Su nombre es Carmen Gómez y tiene 63 años. Fue secuestrada en 1982, cuando tenía 24 años. Era suyo uno de los relatos que leyó el juez Miguel Ángel Gálvez en la audiencia, cuando dio a conocer sus motivos para abrir el caso Diario Militar.

Jody García / laCuerda

La primera semana de junio de 2021, en el Juzgado de Mayor Riesgo B, el juez Gálvez leyó el relato de una mujer que fue víctima de secuestro, tortura y violencia sexual durante el conflicto armado interno en Guatemala.
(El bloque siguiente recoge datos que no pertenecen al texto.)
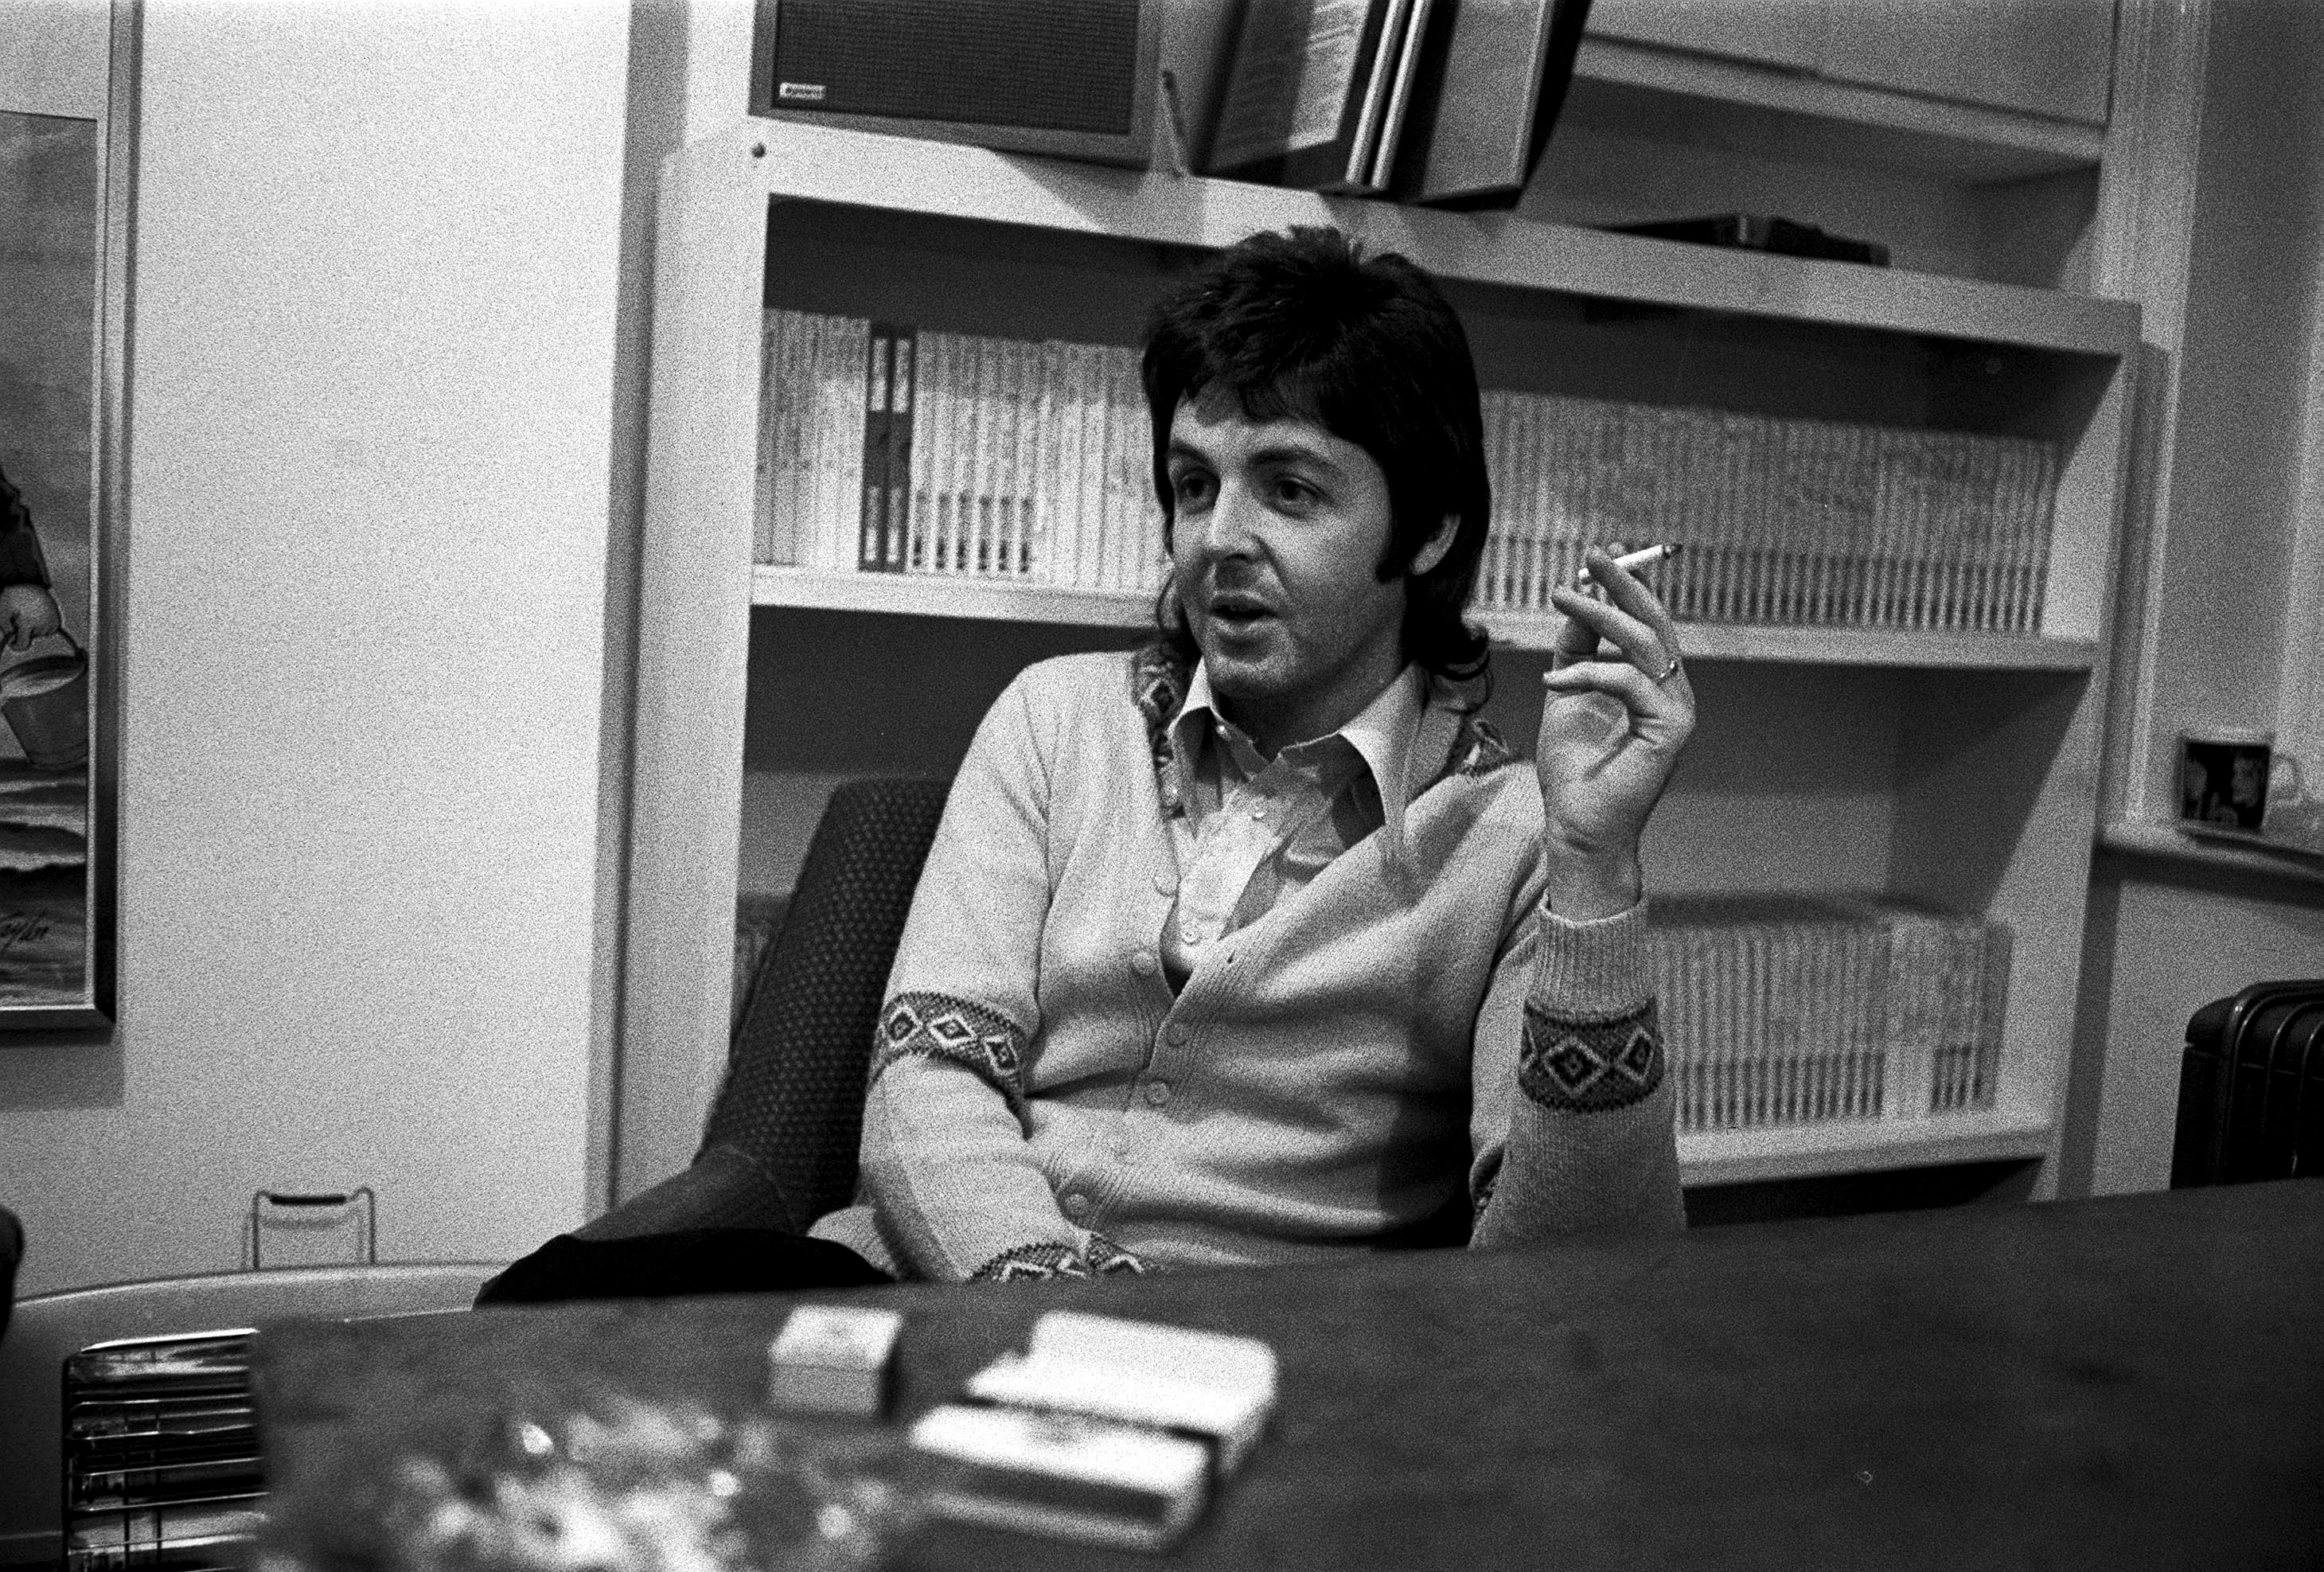 Paul McCartney in front of a bookshelf

La historia de esta mujer, así como las de otras 183 personas señaladas en el contenido de los documentos, estuvo archivada por décadas. Primero bajo la custodia del ejército y del Ministerio de la Defensa, y luego en el Ministerio Público, que tras años de silencio las sacó a la luz el 27 de mayo de 2021 cuando capturó a 6 militares retirados por el caso conocido como Diario Militar.

Carmen Gómez no llegó a la Torre de Tribunales, pero siguió de cerca las audiencias contra sus agresores. El Estado de Guatemala no ha tomado acciones para garantizar la seguridad e integridad física de Gómez y del resto de víctimas que denuncian las masacres del ejército.

La mujer cuenta su historia a laCuerda sentada en una heladería de la Ciudad de Guatemala. Toma café mientras su hijo la espera. Es una mujer sonriente, reservada y habla con un tono de voz bajo.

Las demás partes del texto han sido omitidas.